We combined Rxt estimates with landownership data to estimate the daily and cumulative abortion risk from each migrant and resident group occurring on private, BLM, USFWS, NPS, USFS, and state government lands across the three weather scenarios. We did not consider the distribution of livestock in these calculations. We then calculated these same metrics for areas with potential livestock grazing to quantify the potential for elk‐to‐livestock spillover risk on the landscape. We defined areas of potential livestock grazing as private ranchlands in Montana with ≥0.4 hectares of grazing area (http://svc.mt.gov/msl/mtcadastral; Proffitt et al., 2011), and federal (USFS, BLM) and state (Wildlife Management Area) grazing allotments in Montana when livestock were potentially present on the allotments during the risk period (hereafter grazing land; Table 1; see Appendix S4). We used turnout dates from BLM and USFS grazing records from 2014 (Wells et al., 2019) and state grazing records from 2017 to determine when livestock were present on federal and state allotments. We defined spillover risk as abortion risk on private ranchlands during the risk period or on allotments with turnout dates during the risk period (Table 1). Therefore, abortion risk on livestock allotments outside of turnout dates did not contribute to our estimate of spillover risk. Our comparisons of spillover risk between migratory tactics and among herds and weather scenarios relied on the assumption that livestock contact with infected foetuses and the risk of infection were positively correlated with abortion risk.

We combined our estimates of the number of adult female elk in each group and spillover risk to calculate the average spillover risk per adult female elk (hereafter per‐capita spillover risk; Table 1). Collared elk from three migrant groups spent a portion of the risk period on BLM, USFS and private lands in Idaho where we did not have data on public and private grazing.
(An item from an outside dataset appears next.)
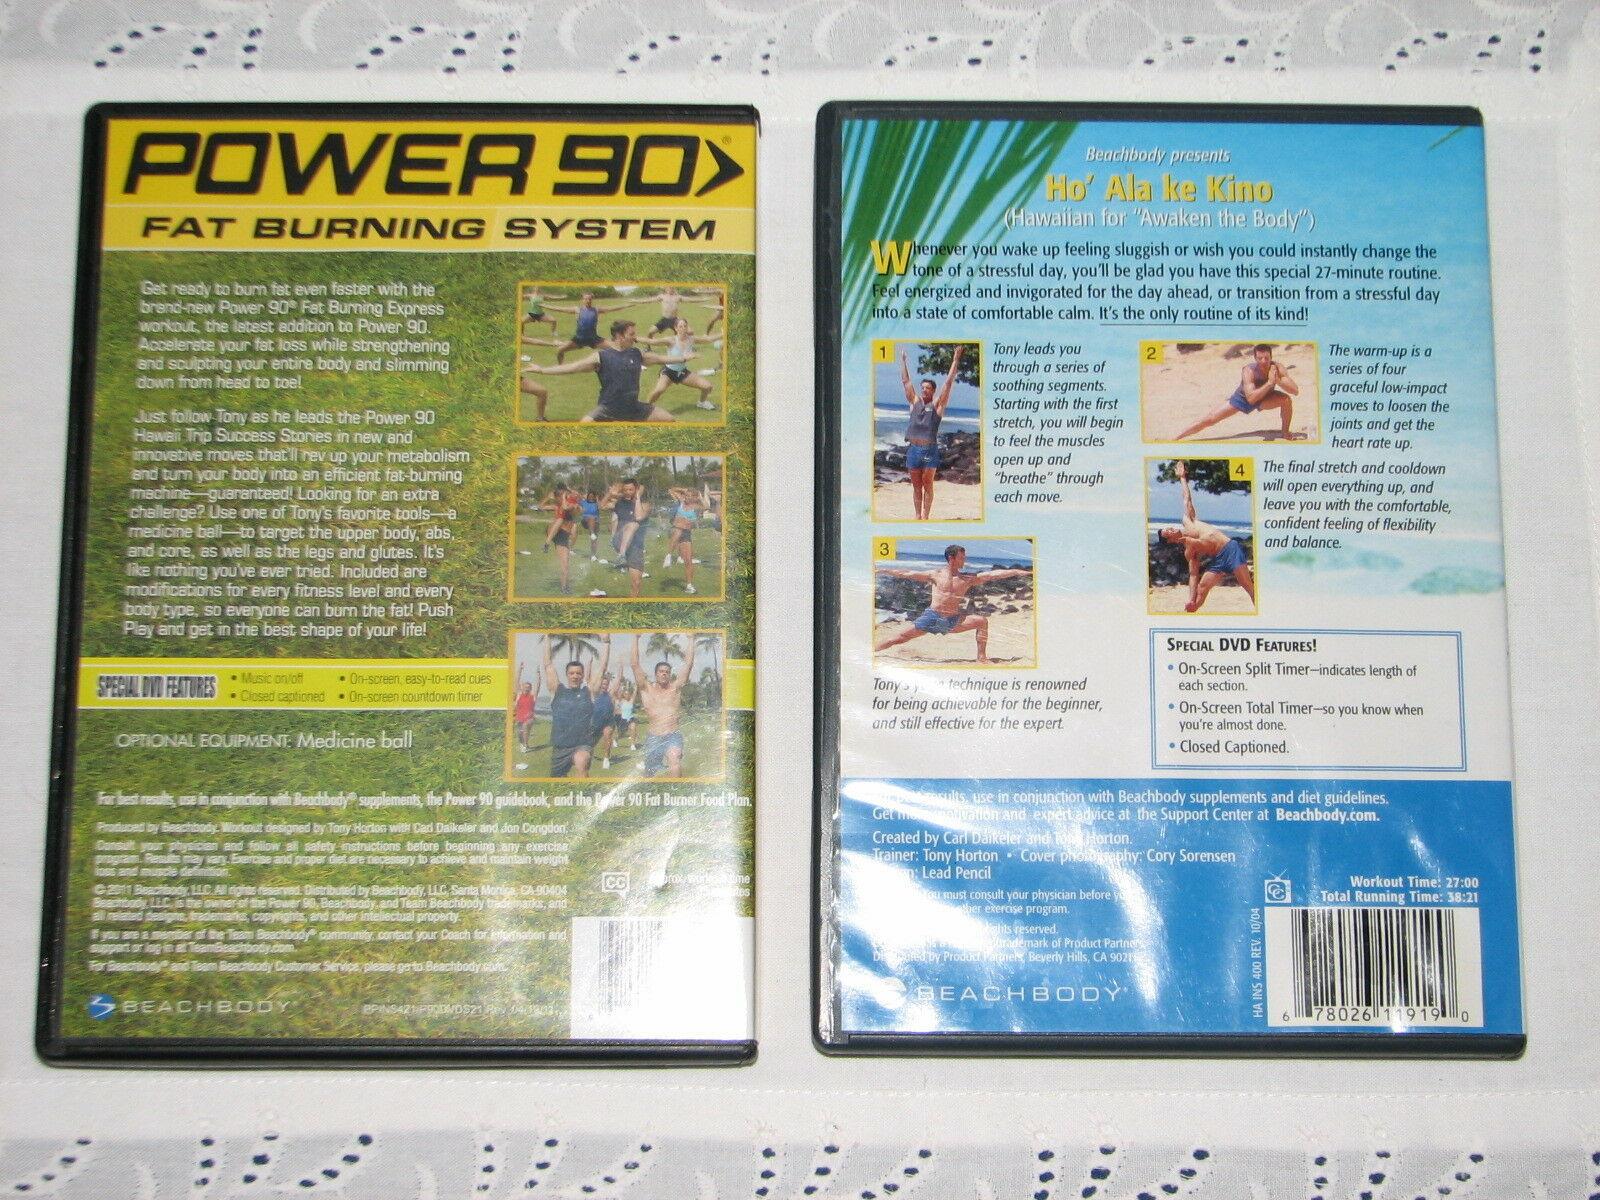 Two Tony Horton DVD's POWER 90 FAT BURNING SYSTEM HO'ALAKE KINO AWAKEN THE BODY image 2

To account for this in our estimate of per‐capita spillover risk, we reduced the estimated number of female elk from these groups by the daily predicted probability of group use that occurred in Idaho for each weather scenario. We conducted all analyses in program R version 3.3.1, using lme4 to fit GLMMs (R Development Core Team, 2016).

3. RESULTS

From our sample of 223 elk (280 elk‐years), we identified 152 migrants and 71 residents. We identified one fully resident herd, and seven herds with both migrant and resident individuals (Figure 2). We collected multiple years of data from 37 elk in five herds. Seven of these 37 elk switched migratory tactics between years, including 6 of 18 elk from the Paradise Valley herd and one of six from the Blacktail herd. As migrants departed from winter range, the density of elk declined for both migrant and resident groups (Figure 3).

FIGURE 2.

FIGURE 2

The estimated proportion of migrant and resident individuals in eight Greater Yellowstone Ecosystem elk herds. The number of collared elk (number of individual elk‐years) in each group is given at the top of the 95% binomial confidence intervals (black lines)

FIGURE 3.

FIGURE 3

Daily density estimates experienced by migrant and resident female elk from eight herds (arranged from most to least migratory) in the Greater Yellowstone Ecosystem during the risk period (15 February–30 June). Density estimates were derived from survey data collected during winter 2016 or 2017

Patterns of resource selection varied among herds and groups, but there was no clear distinction between selection patterns of migrant and resident elk groups within herds or among winter (15 February–31 March), spring (1 April–31 May) or summer (1 June–30 June) seasons (see Appendix S5: Figure S1). In general, both migrant and resident elk selected areas at moderate elevation and slope, with higher terrain position index (i.e. on ridges) and intermediate to high solar radiation. Furthermore, they typically avoided forested landcover, motorized roads and snow cover, showed variable responses to shrub landcover and selected agricultural landcover, intermediate values of daily NDVI (i.e. surrogate for phenology stage), and higher annual integrated NDVI (i.e. surrogate for biomass). The average r s of our migrant and resident RSFs from 10 repetitions of our fivefold cross‐validation procedure was 0.98 (range = 0.93–1.00) in winter, 0.99 (range = 0.95–1.00) in spring and 0.97 (range = 0.87–1.00) in summer, indicating strong predictive ability (see Appendix S5: Table S1).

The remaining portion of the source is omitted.